Testing the breadboard RF modulator
When you first try out the modulator, try it "ON" (not pulsed) to be sure the amp is working (measure the gain of the amp to verify).
Note 3: when you pulse it, the drain current will decrease roughly by the duty factor of the drain pulse. At 10% duty, you should see only have 7 ma DC current.
You can get an idea of the RF rise time by looking at the VD waveform. If it has 5 nanosecond rise/fall times, the RF will too. If the rise time is too slow (like 50 ns), put on some more charge storage or shorten the power supply leads: maybe 20 uF will be better than 4.7 uF.
Note 4: remember to check out the DC input waveform with the MOSFET driver turned ON, otherwise it will load the pulse generator down and look ugly!
The final proof that you have a well modulated signal is to put a detector on the output and display the pulse envelope on an oscilloscope. Be sure not to exceed your detector's maximum input power rating.
Note 5: you may have to buy a "high speed" detector (like one from Krytar) so that the detector is fast enough to measure the pulse characteristics accurately. Look at the output capacitance specified for the detector, 3pF will be 10X faster than 30pF... Even better, get a high-speed sampling o-scope and look at the modulated waveform in real time!
NASA takes over the project...
Again, we can't thank you space cowboys enough for submitting this stuff to Microwaves101!
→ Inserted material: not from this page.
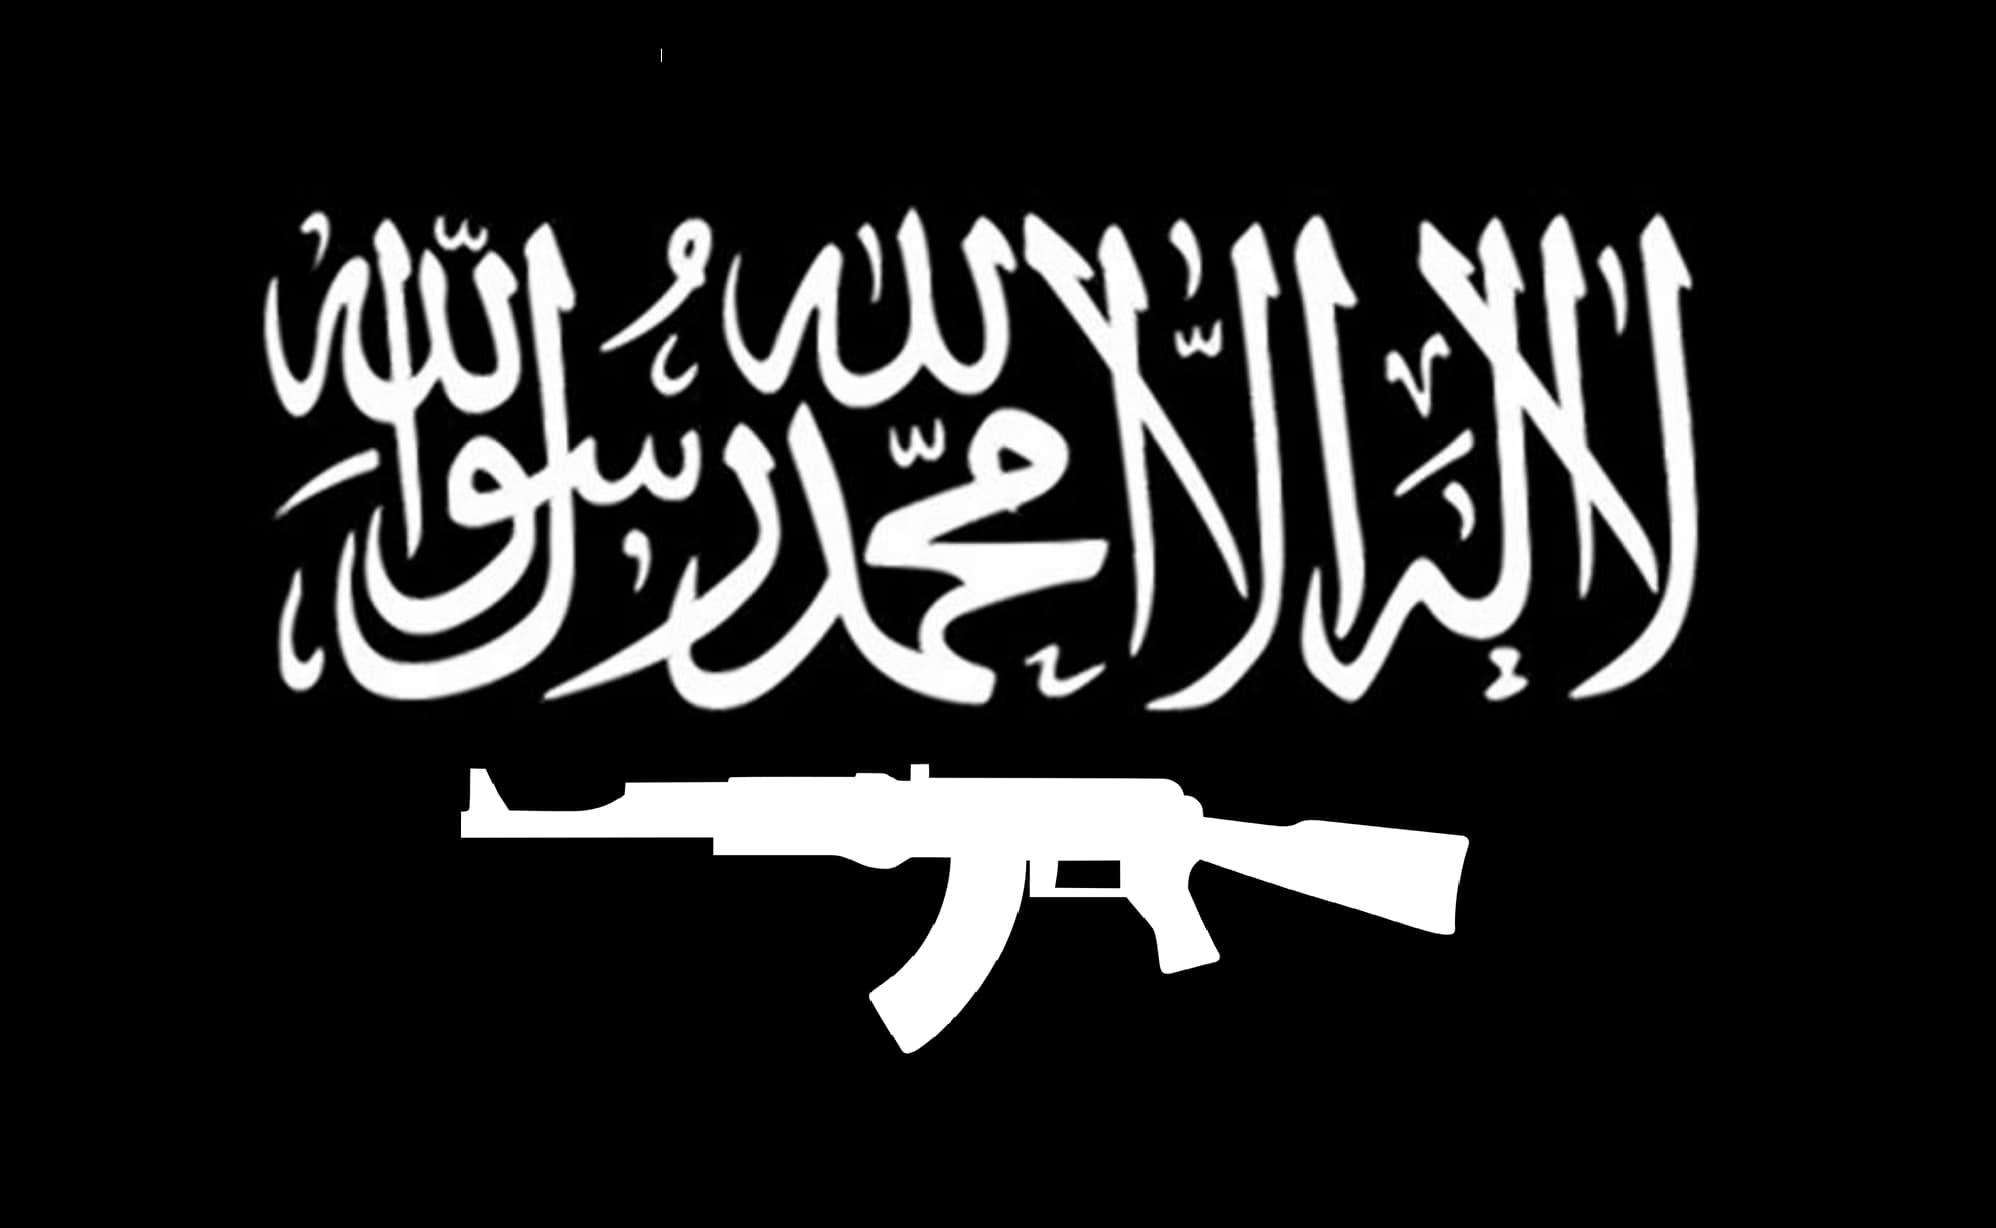 Ansar_Ghazwat-ul-Hind_Flag

Below are two pictures of the Hittite HMC462 amplifier and the new "daughter board" that Justin, Wayne, Romeo and Greg fabricated to add the MOSFET driver to the amplifier. The first photo shows a fit check prior to assembly, the second picture shows all the components mounted. Looks like an MCX connector brings in the pulse command, and there's the 4.7 uF cap that is used for charge storage. Yup, the polarity seems correct! In this case they took off the 1000 pF ceramic cap from the drain connection of the amp, but didn't add it back on the supply side of the MOSFET driver. We recommend that they put it in parallel with the 4.7 uF tantalum cap, it can only help sharpen the pulses (but perhaps an insignificant amount).
By the way, that's the HMC462 amplifier being used here, not the HMC463. Thanks to Gerry and Justin for clearing that up!
Here's the chassis that the boys from NASA mounted the part in, which contains its own 5 volt DC power supply (looks like it was recycled from a seven-year-old project, such reuse is always admirable). Nice job keeping the power supply leads short, and the coax line going to the pulse input is another good thing you might want to copy if you try this yourself! Semi-rigid cables bring the RF in and out to bulkhead SMA jacks on the front panel. A truly fine piece of breadboard equipment is born!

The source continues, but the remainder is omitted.